Hennenhoefer: ‘I don’t know’ is the answer, which is the beauty of having a 150-person research group. We have a disruptive technology roadmap that is maintained by one of our groups, and their whole job is to continuously review disruptive technology and set flags about when to look at it next, and if certain things change we need to pay attention. With quantum, apparently they have a marketing person somewhere. It’s more like quantum adequacy. It’ll be cool when it happens. Actually be quite cold when it happens, but we’ll have to see. As for photonics, my assumption is it would come up in telecom or HPC specialized markets. It’s not going to be an IP block we’re going to license anytime soon, but it very well could influence whether an AMBA bus is too slow. It’s the same thing with technologies like 3D, chiplets and stacking. We ask, ‘Does this break anything? Can people build stuff within our standards? What do we need to do?’

SE: When it comes to privacy, which is a growing concern, what does the industry need to do? What can Arm do?

Hennenhoefer: It is likely the government will regulate and mandate certain levels of security, which will then give us economies of scale to be able to do it. We look at new technologies and a lot of times we see potential. We look into our core market being mobile and the answer may be, ‘Not yet.’ It goes back on the shelf, like 64-bit. When we look at ways to do more security — there’s a DARPA project that we’re involved in, and I applaud DARPA for picking hard problems. Their plan is to solve all of them. Still, there is a cost to adding more hardware in to defeat a lot of these attacks. I suspect eventually governments will say this needs to be a ‘security level three’ and we’ll just stop talking about it. It’d be like, ‘Yes, it’s in there.’ But right now we have a case where every PC is insecure. You walk in through the USB bus. Let’s not pretend it’s not. Companies like Google are doing a lot of work to make things more secure, but we’ll need to go through some rounds of security and there’s a cost. As processor people, we’re trying to save energy, and the ironic thing is the optimizations that we’re putting in for power and for performance are being used against us. There are ways to fix all that, which is good, but it’s the problem we didn’t know we had. We’re going to be in an extended period where we need to raise the awareness around security. The technology companies need to come up with additional building blocks and help get them adopted. There’s a role for government to play. They could accelerate that in niches and demonstrations, which is exactly what DARPA is doing.

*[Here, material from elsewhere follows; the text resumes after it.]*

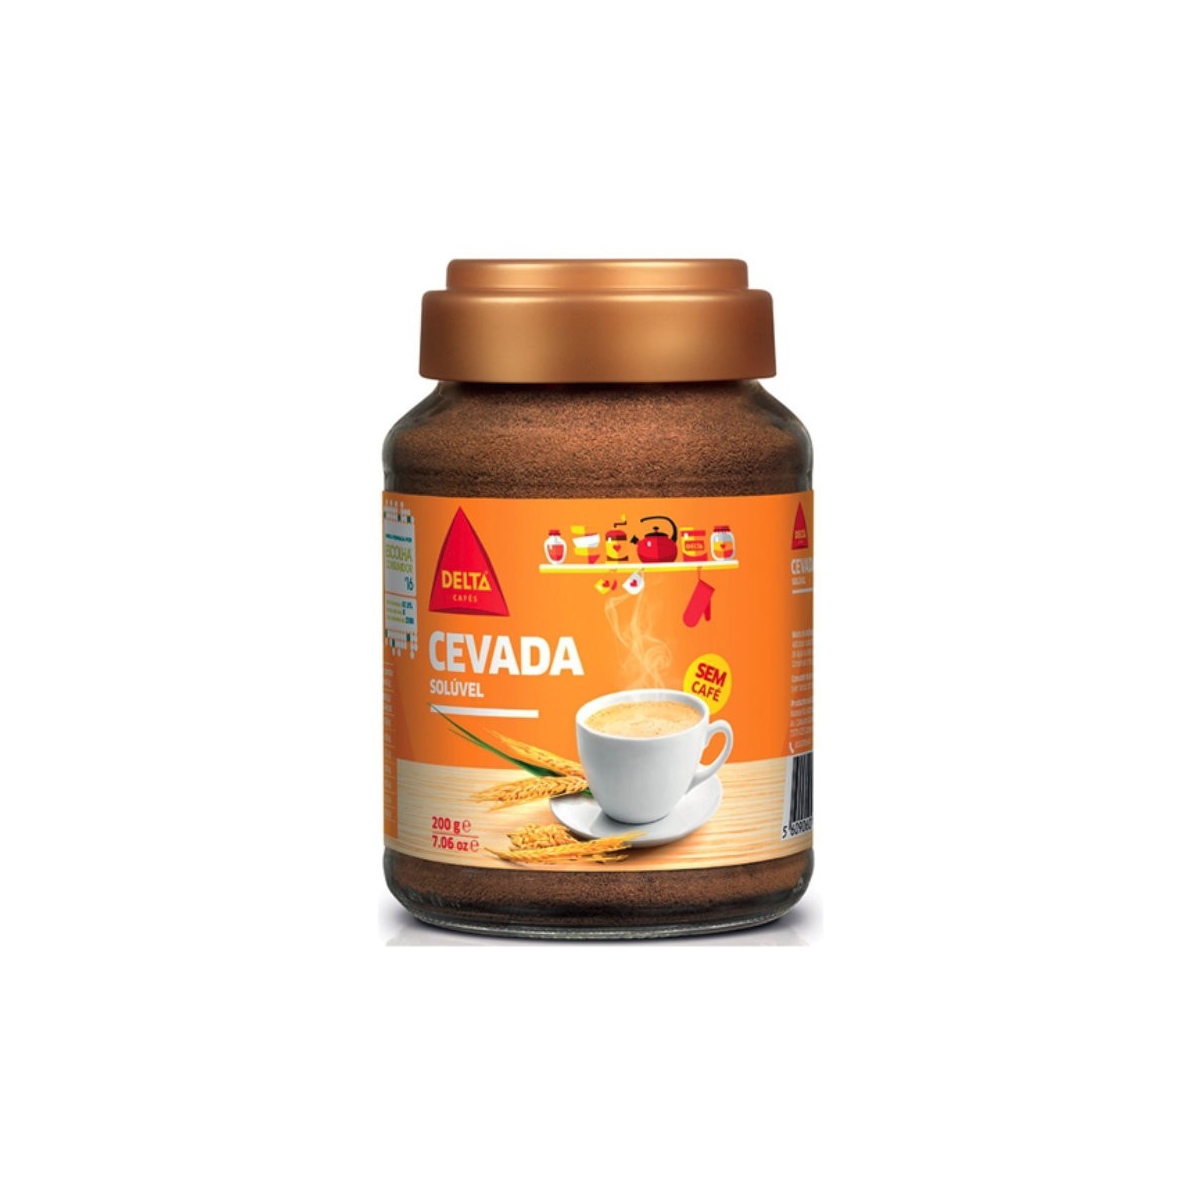 Delta cevada cebada soluble – orge soluble sans café – 200g

SE: Where does privacy fit in?

Hennenhoefer: Privacy is harder because different cultures have different expectations of privacy. That one’s not going to be one-size-fits-all. In order to control your data we’re going to need to invent new things. And there are technologies like homomorphic encryption, zero knowledge proofs that let you reason about data without disclosing it. Blockchain is in there too. You’ll see technology being applied to government. Like with zero knowledge proofs, you can run checks about compliance without seeing the actual stuff underneath. There’s a general good hygiene, but we’re going to need to figure out which of these new technologies we can use that doesn’t just reduce everyone’s privacy, but at the same time gives us some more transparency without compromise. The difficult thing will be the EU, the U.S., China, and others will all have different expectations of how this is done. Exactly how it’s going to roll out I’m not sure. But technology companies need to be in on this because, well, if you don’t use some signatures and some stuff in the beginning, there’s no way later to put it back in.



1 comments

rgarcia071 says:

I’d ask what does he thinks about open source architectures, and how they could change the industry.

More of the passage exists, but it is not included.